Quoting Eric W. Biederman ([email protected]):
> "Serge E. Hallyn" <[email protected]> writes:
>
> > Quoting Eric W. Biederman ([email protected]):
> >> Dave Hansen <[email protected]> writes:
> >>
> >> > On Thu, 2006-07-13 at 12:14 -0600, Eric W. Biederman wrote:
> >> >> Maybe. I really think the sane semantics are in a different uid namespace.
> >> >> So you can't assumes uids are the same. Otherwise you can't handle open
> >> >> file descriptors or files passed through unix domain sockets.
> >> >
> >> > Eric, could you explain this a little bit more? I'm not sure I
> >> > understand the details of why this is a problem?
> >>
> >> Very simply.
> >>
> >> In the presence of a user namespace.
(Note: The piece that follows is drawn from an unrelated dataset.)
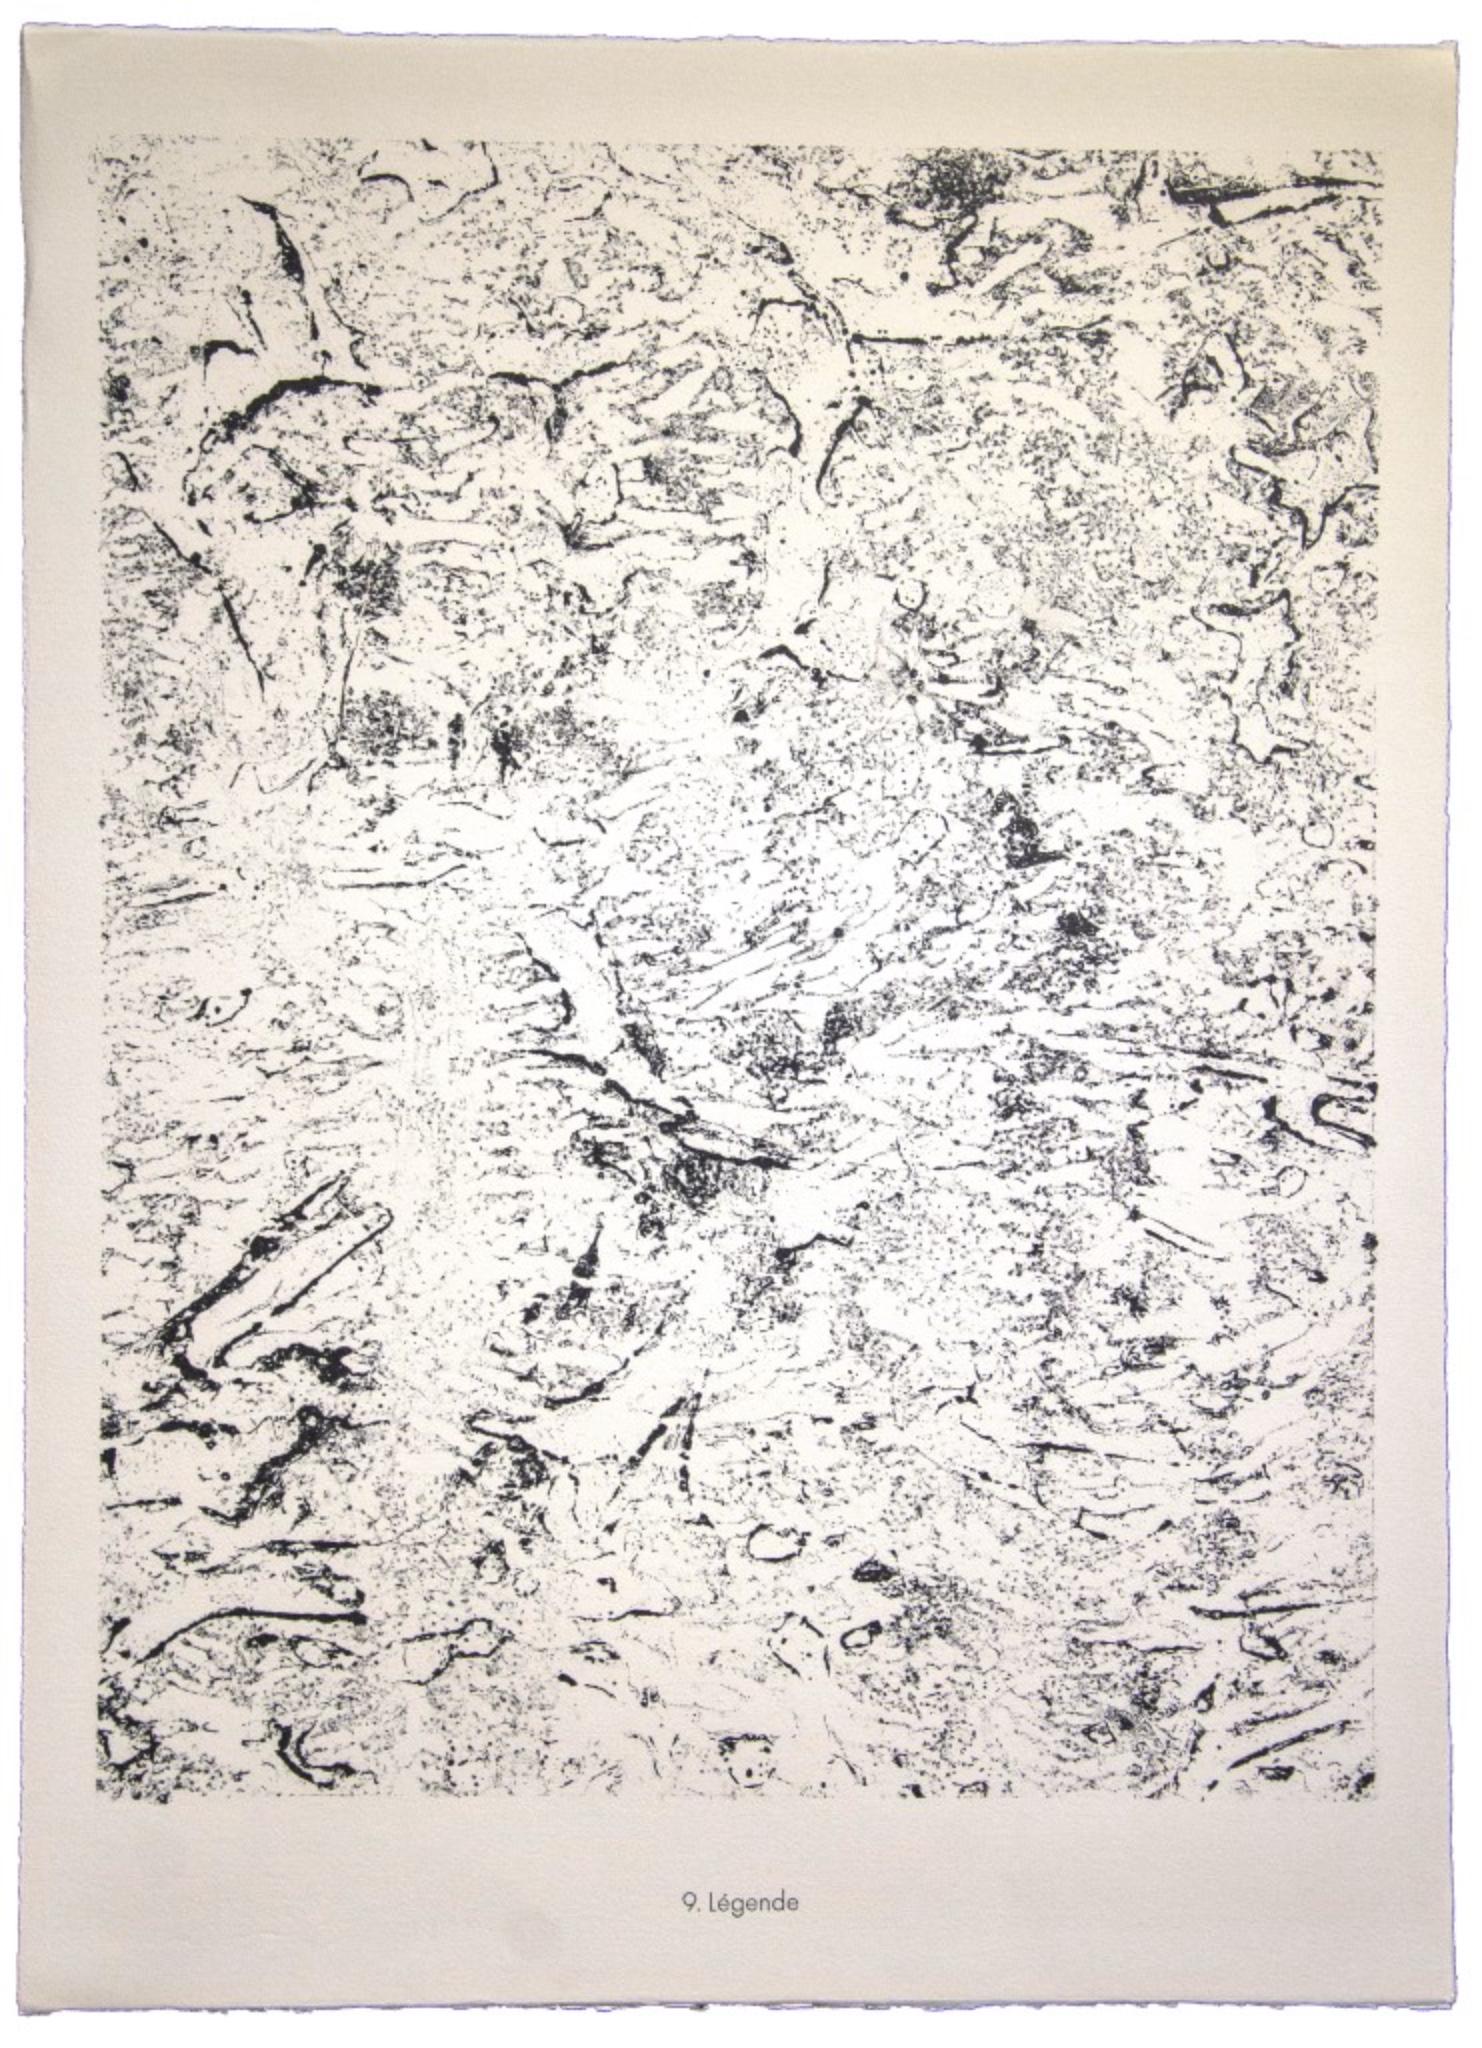 Legende is an original lithograph on watermarked paper "Arc". Abstract composition by the French artist Jean Dubuffet. From the album of "Theatre du sol" (1953-1959). In excellent conditions.

Referements: Cat. Silkeborg n° 332/ Cat. S. Webel n°535.

> >> All comparisons of a user equality need to be of the tuple (user namespace,
> > user id).
> >> Any comparison that does not do that is an optimization.
> >>
> >> Because you can have access to files created in another user namespace it
> >> is very unlikely that optimization will apply very frequently. The easy
> > scenario
> >> to get access to a file descriptor from another context is to consider unix
> >> domain sockets.
> >
> > What does that have to do with uids? If you receive an fd, uids don't
> > matter in any case. The only permission checks which happen are LSM
> > hooks, which should be uid-agnostic.
>
> You are guest uid 0. You get a directory file descriptor from another namespace.
> You call fchdir.
>
> If you permission checks are not (user namespace, uid) what can't you do?
File descripters can only be passed over a unix socket, right?
So this seems to fall into the same "userspace should set things up
sanely" argument you've brought up before.
Don't get me wrong though - the idea of using in-kernel keys as
cross-namespace uid's is definately interesting.